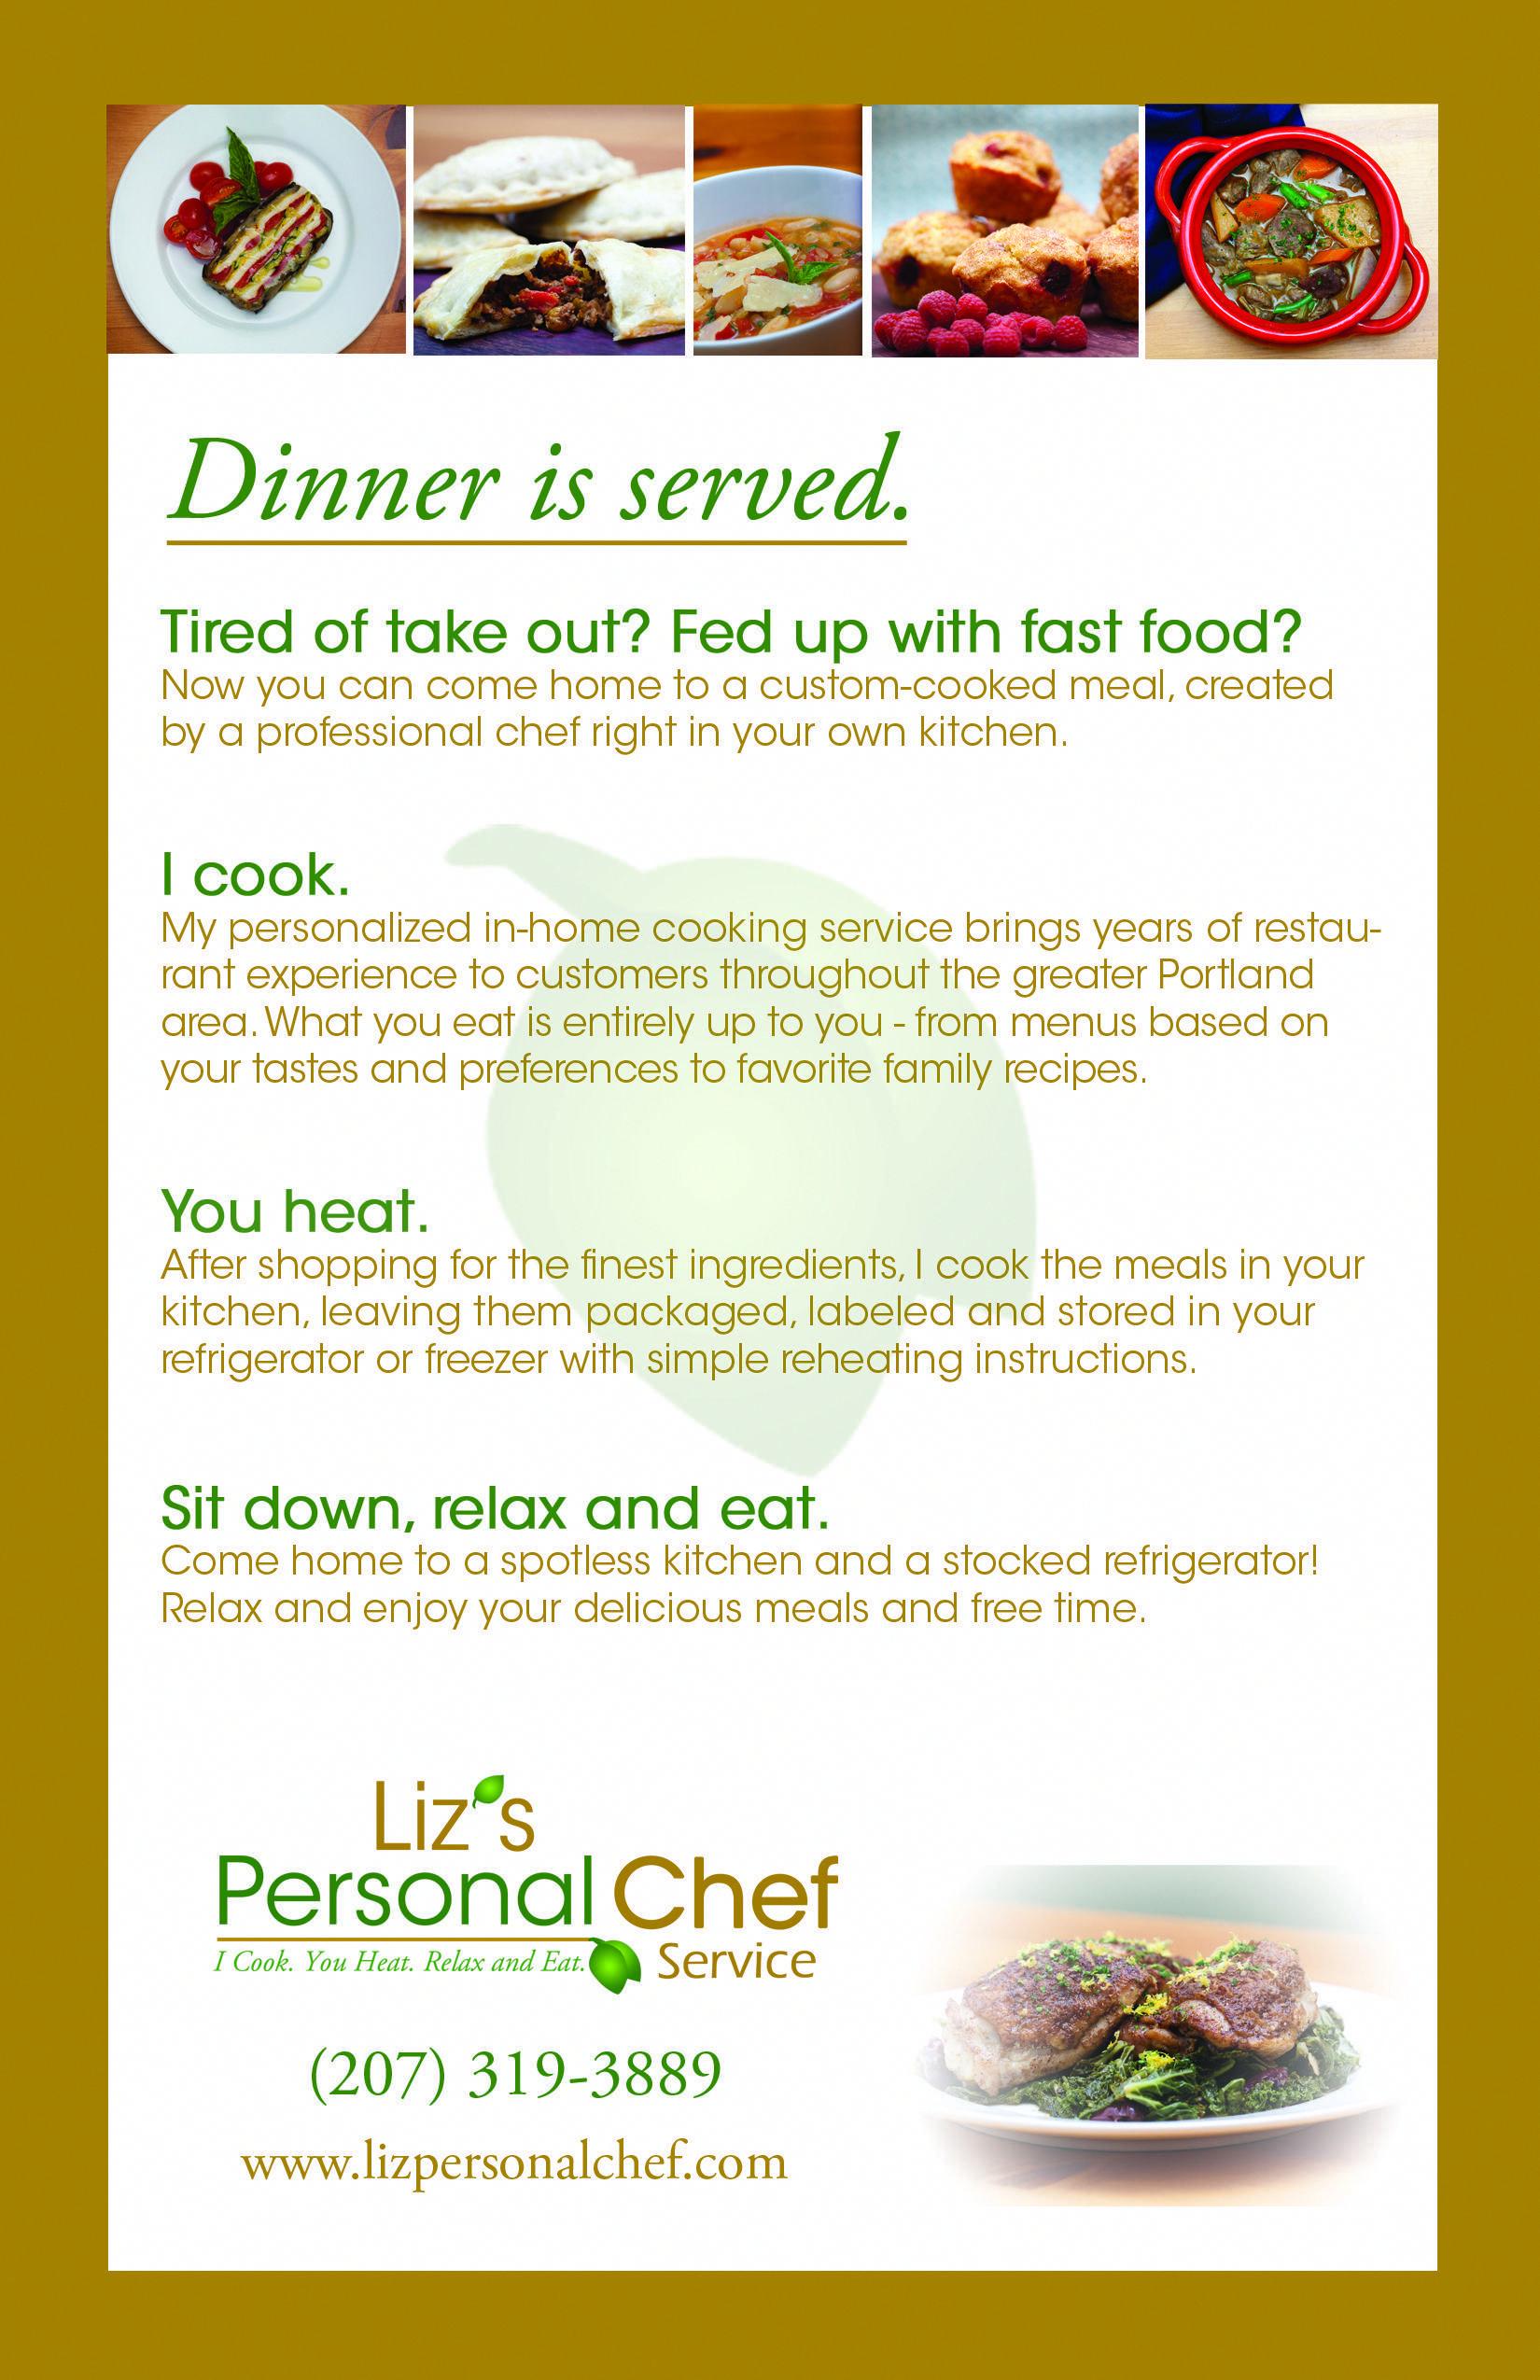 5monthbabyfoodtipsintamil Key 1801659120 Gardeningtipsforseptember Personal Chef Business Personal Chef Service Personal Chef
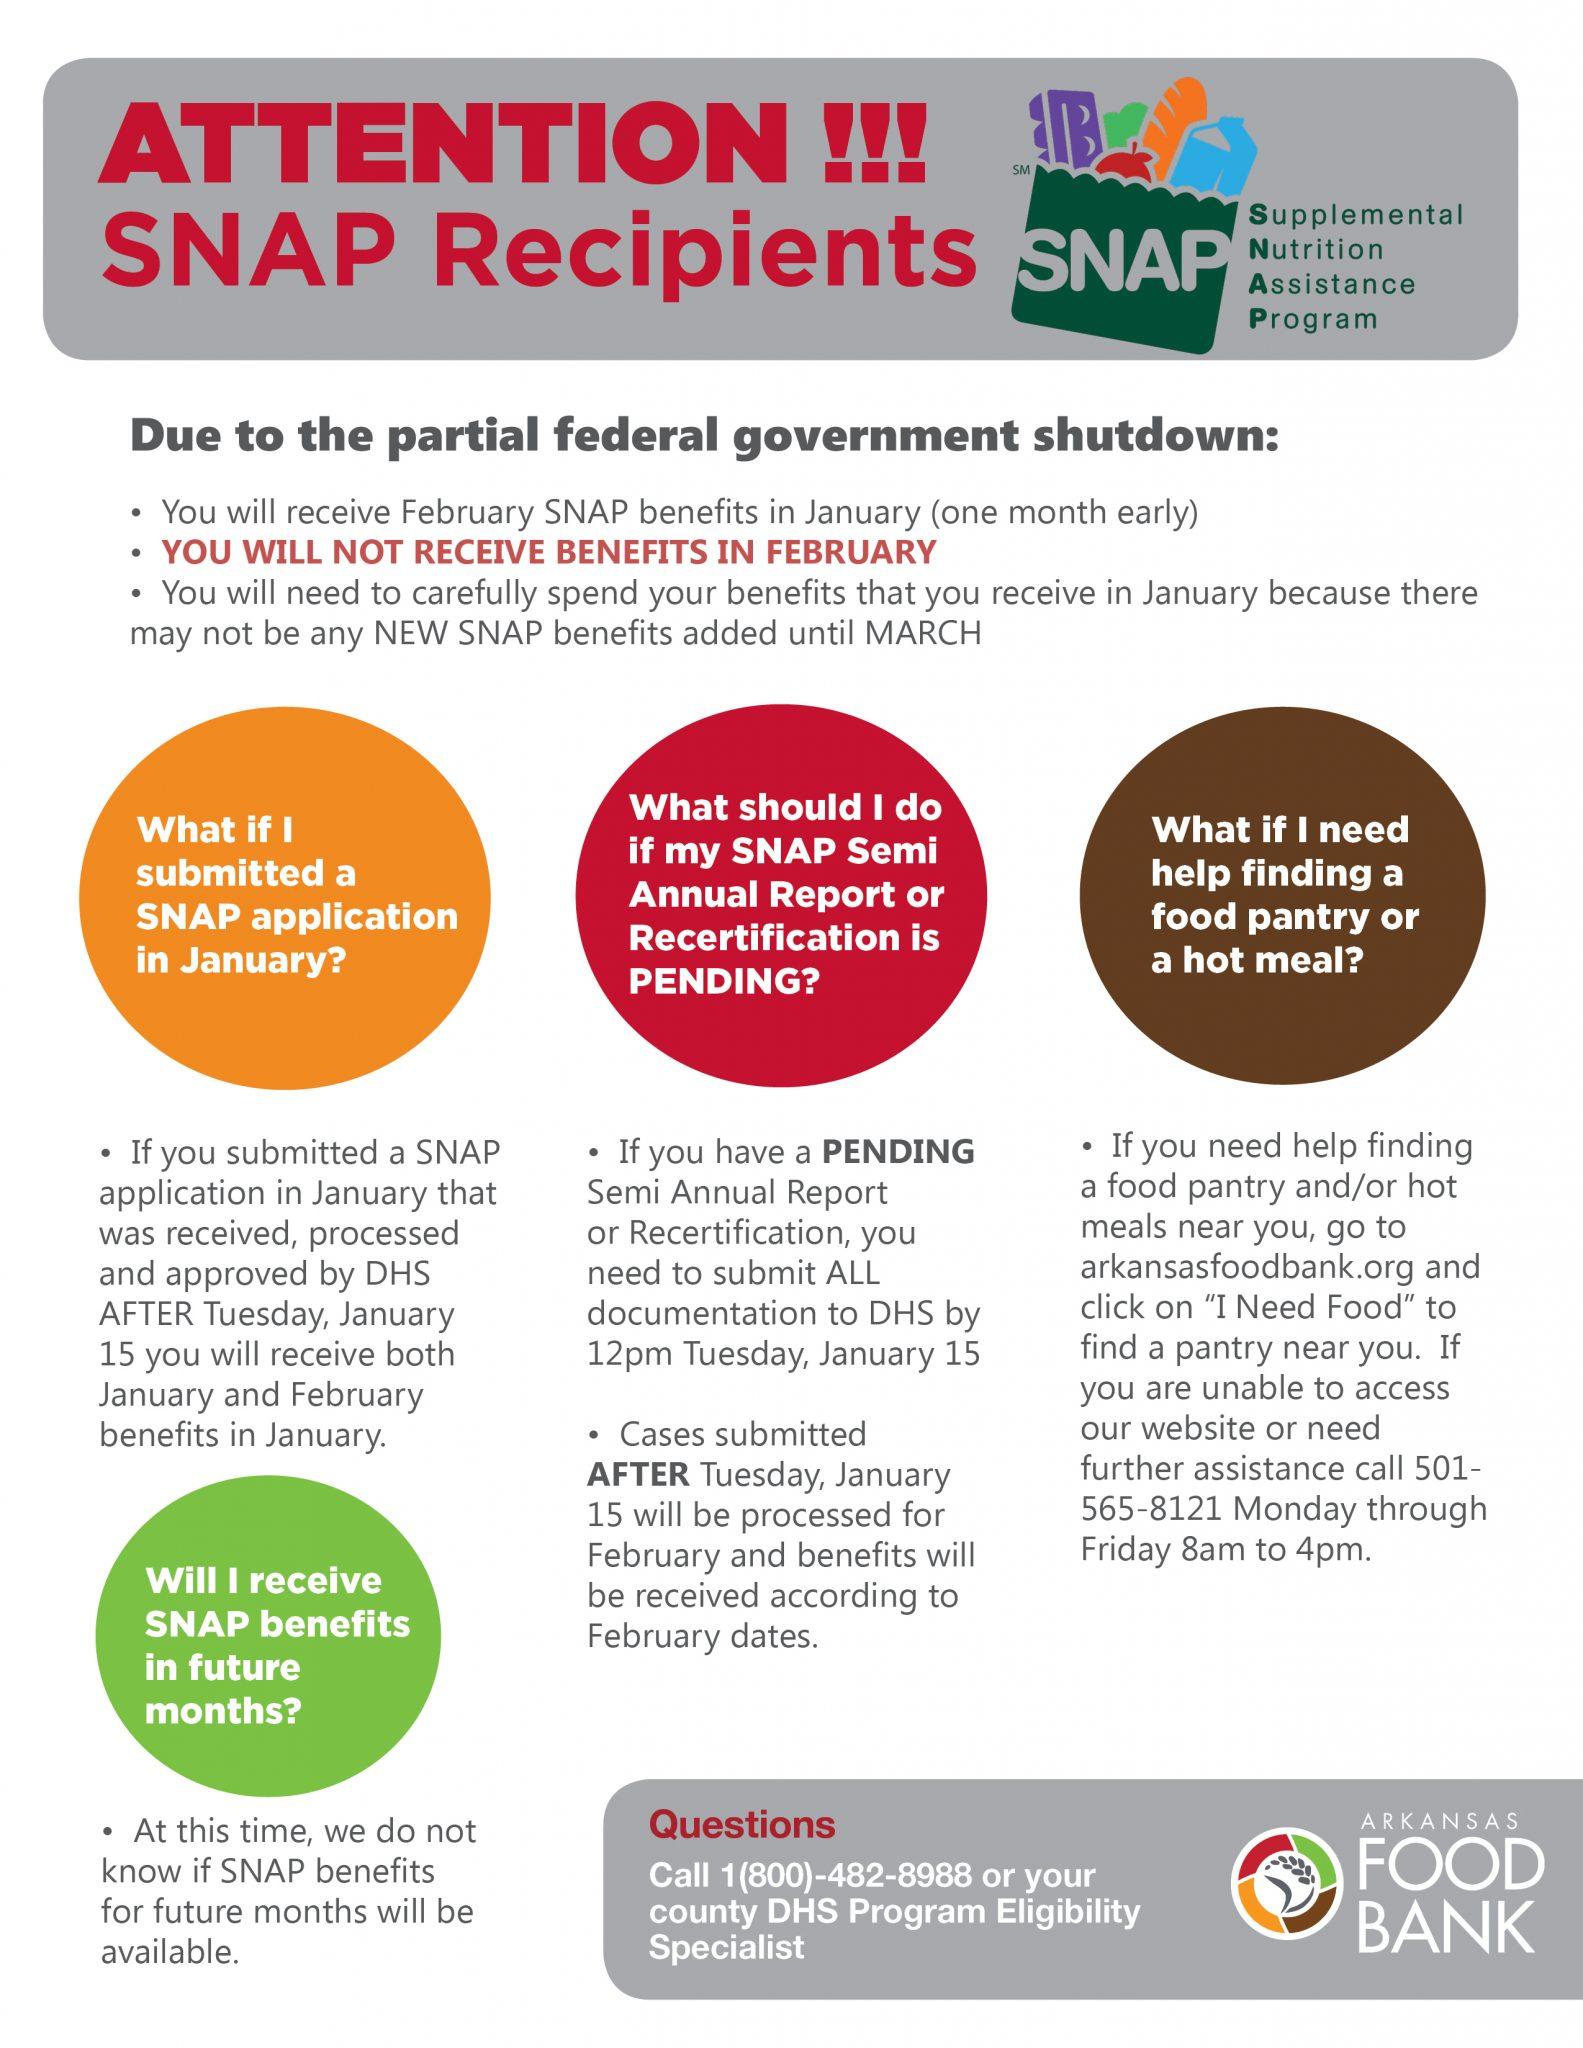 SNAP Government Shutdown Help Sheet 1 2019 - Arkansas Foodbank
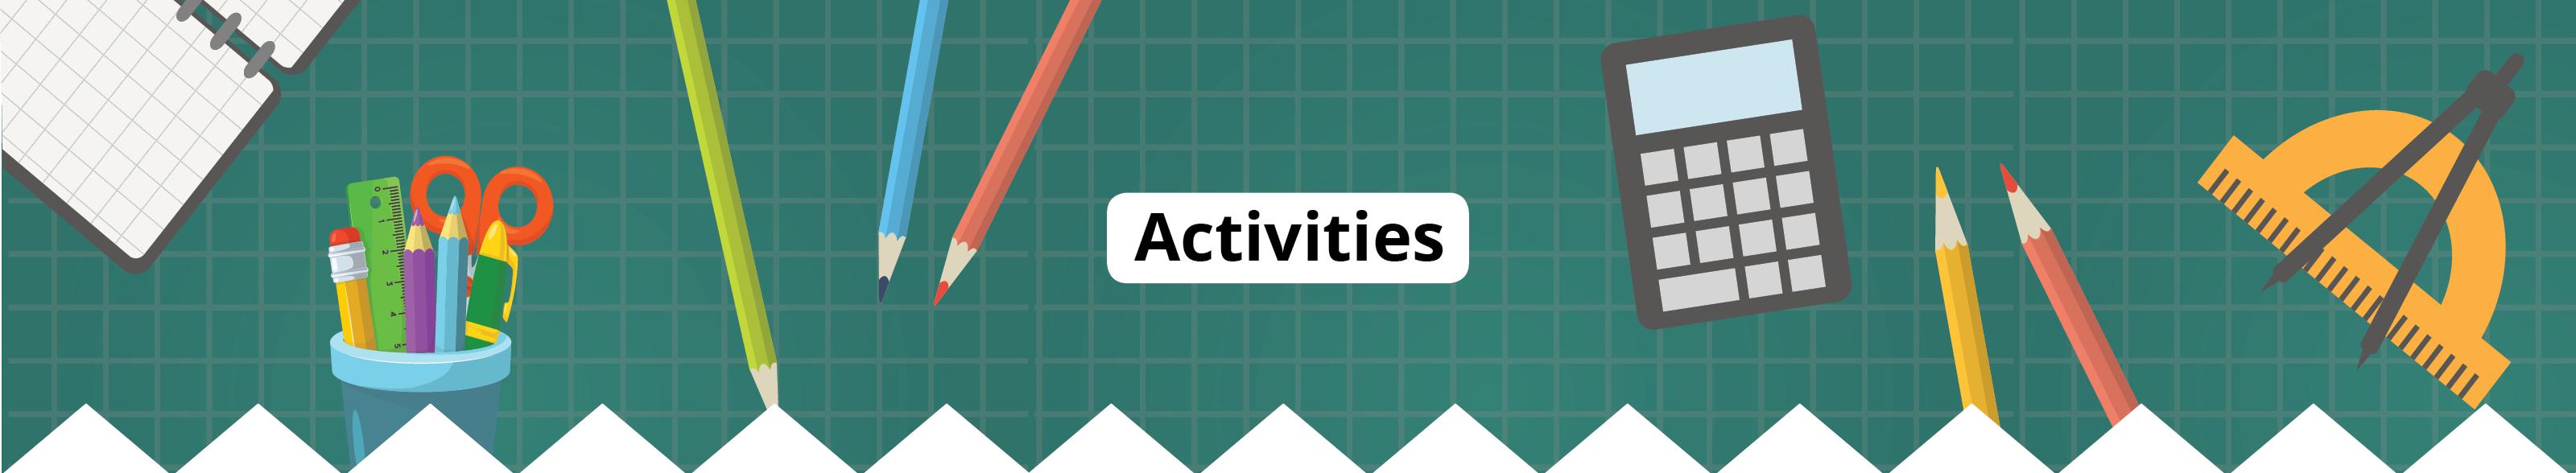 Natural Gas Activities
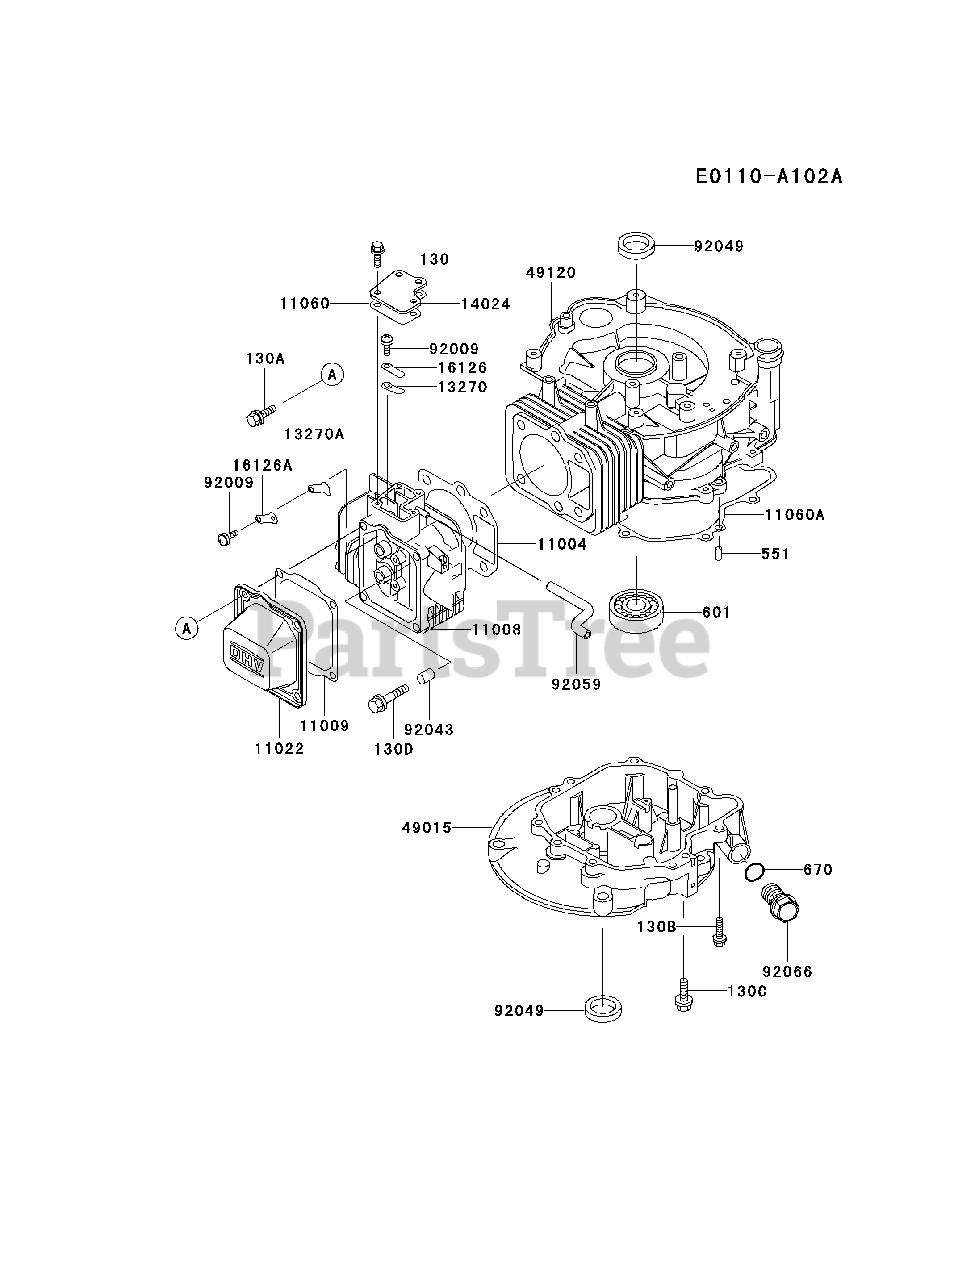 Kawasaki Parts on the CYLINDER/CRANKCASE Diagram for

Exercise description: With the pictures left out, give again exactly the lines from the one with "SNAP Government Shutdown" through the end of the data, both included.

Solution to the exercise:
 SNAP Government Shutdown Help Sheet 1 2019 - Arkansas Foodbank
 Natural Gas Activities
 Kawasaki Parts on the CYLINDER/CRANKCASE Diagram for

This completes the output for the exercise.